Paleoceanographic studies typically employ stable nitrogen isotopic measurements of total combustible N (δ15NTN) from marine sediments to infer temporal changes in surface ocean marine N dynamics. However, δ15NTN is a highly non-specific measurement, susceptible to confounding issues including non-marine N sources, and offers little, if any, information regarding degradation and/or alteration of primary δ15N signals. Recent development of novel biomarker and microfossil based proxies provide new analytical capabilities to circumvent issues with δ15NTN.
Here, I explore the utility of compound specific nitrogen isotopic analysis of individual amino acids measurements (δ15NAA) of proteinaceous material isolated from marine sediments and deep-sea coral. With these data I infer past changes in nitrate δ15N fueling primary production at the base of the food web, ecosystem structure, and the extent of heterotrophic resynthesis influencing sedimentary and coral-skeletal δ15NTN records. Within sediments and corals, I demonstrate that δ15NAA based parameters reflect that of sinking particles and surface collected planktonic biomass and thus serve as a robust, albeit complex proxy to infer ecosystem and nutrient dynamic changes for at least the last few hundred years on the California Margin. In sediments I find an unexpected δ15N offset in major operational fractions and molecular compound classes. This result (1) challenges a major assumption organic nitrogen in sediments is dominated by amide functionality (i.e., proteinaceous N) and (2) highlights possible issues with standard protein hydrolysis techniques.
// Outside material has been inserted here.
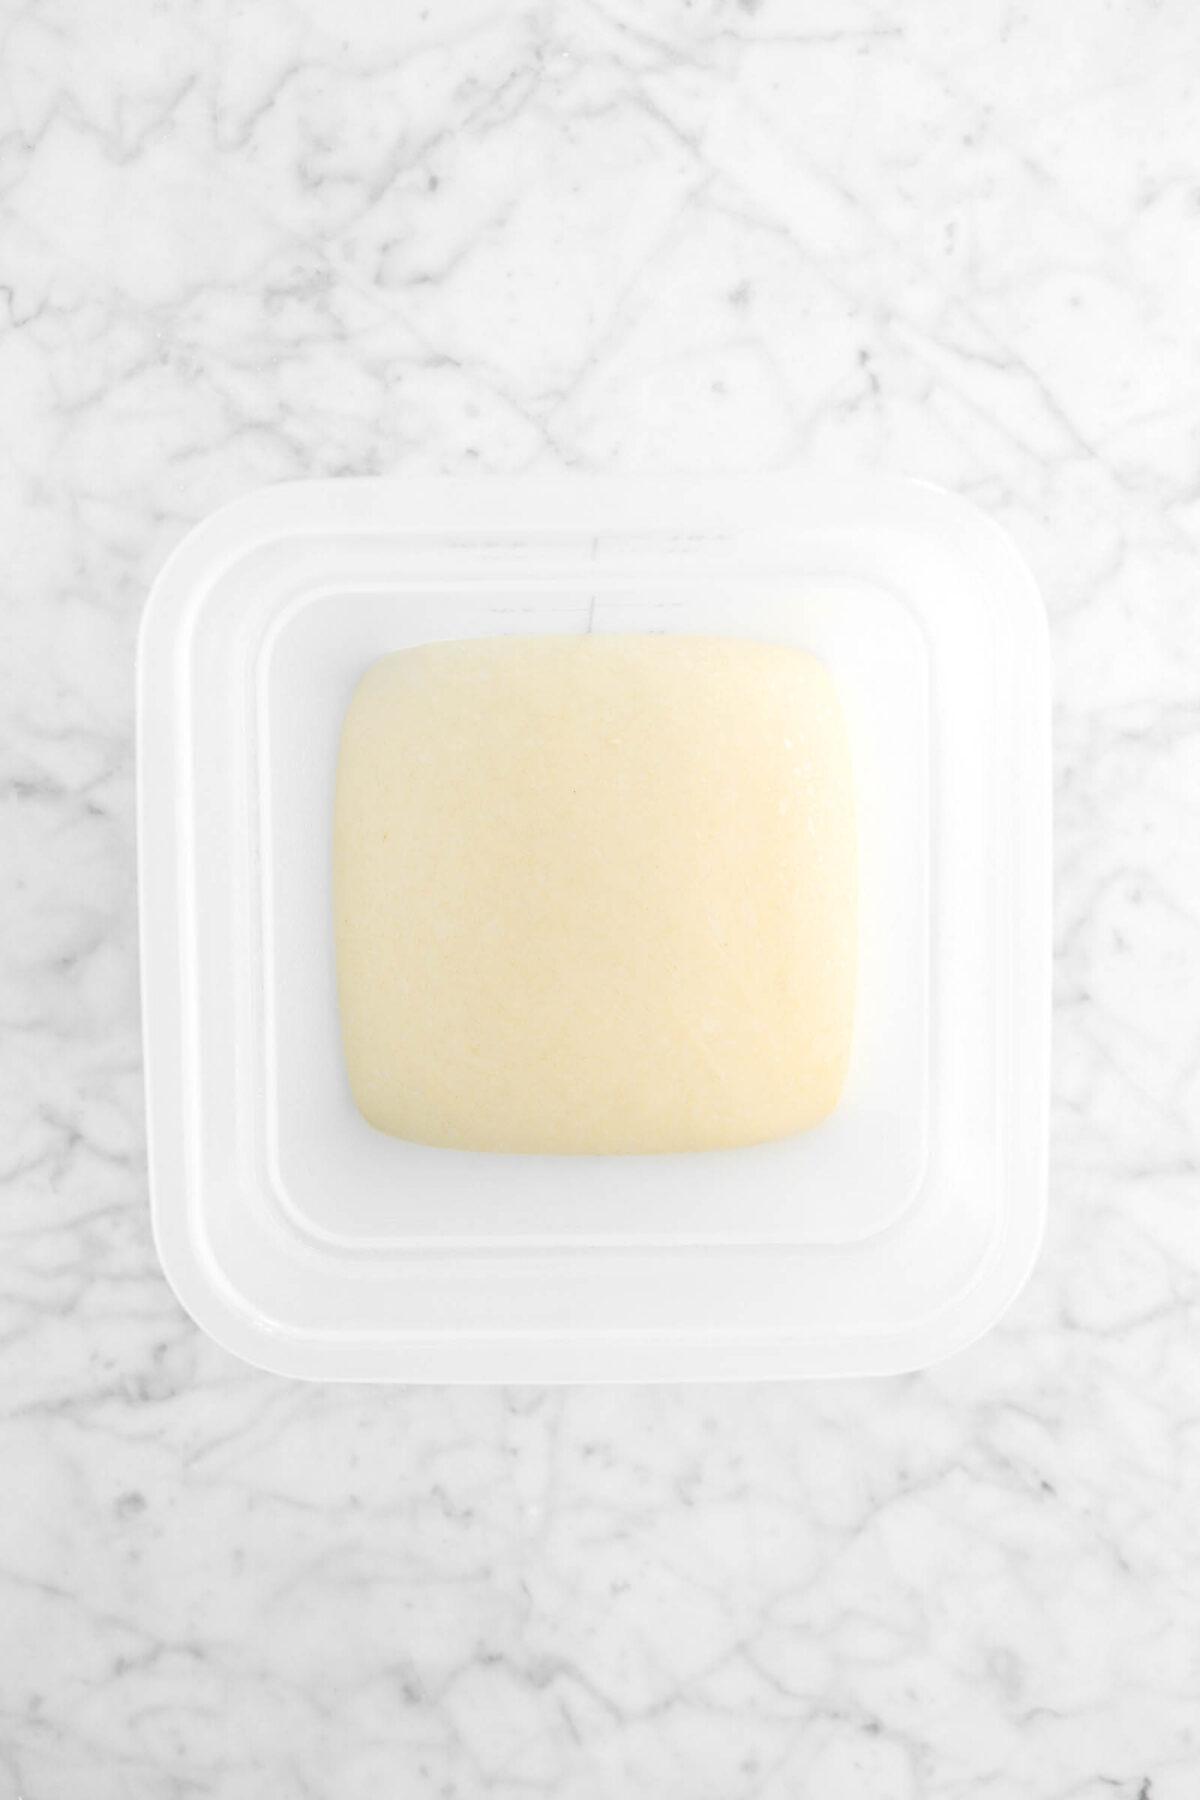 dough doubled in bulk in plastic bucket
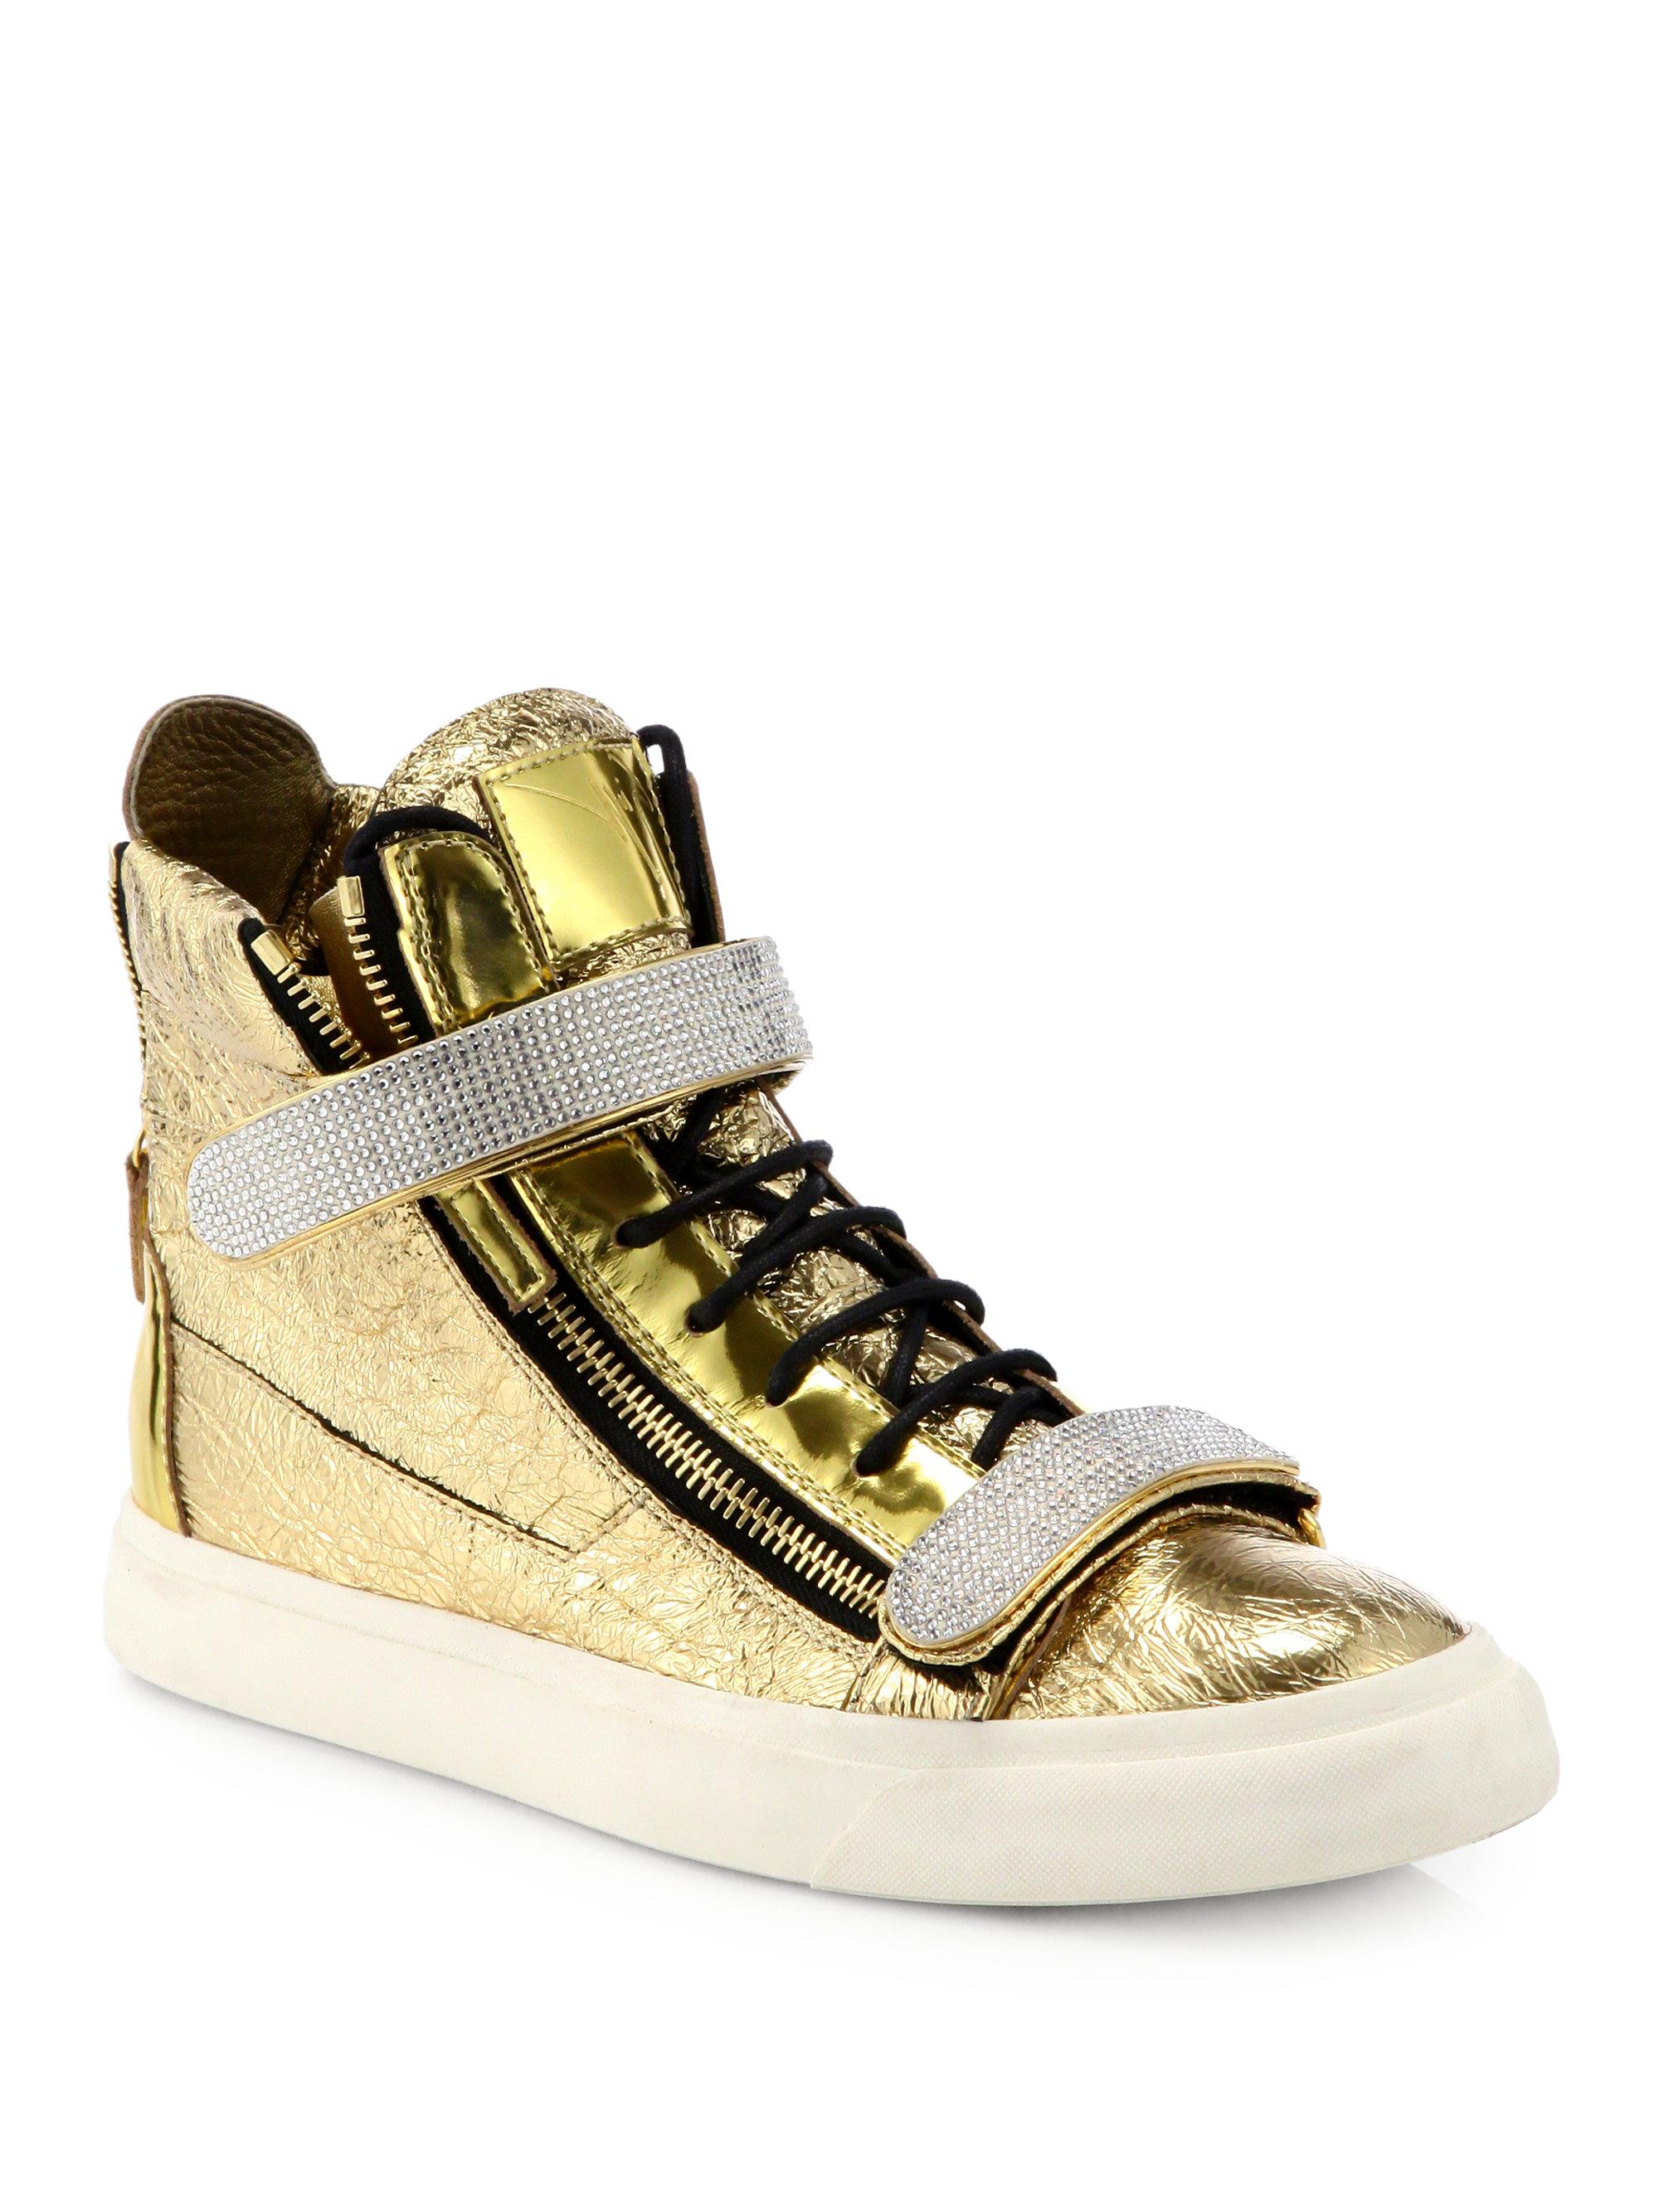 giuseppe zanotti foiled leather hightop sneakers in metallic for men lyst. Black Bedroom Furniture Sets. Home Design Ideas

Lastly, I analyze the δ15N composition of foraminifera-bound N (FB-δ15N) to assess the Plio-Pleistocene history of whole ocean nitrogen dynamics from the oligotrophic North Pacific for the last 5 million years. This region contains calcareous nannofossil rich sediments, ideal for preserved FB-δ15N records. These new FB-δ15N records support an expansion of suboxic regions, consistent with previous evidence, but also indicate that the whole ocean δ15N budget was stable throughout the Plio-Pleistocene. This latter result implies that kinetic isotopic fractionations of marine N transformations and the ratio of pelagic to benthic denitrification, must not have changed during the Plio-Pleistocene transition, despite drastic global scale changes in sea level, shelf area, and volume of the major oxygen deficient zones at this time.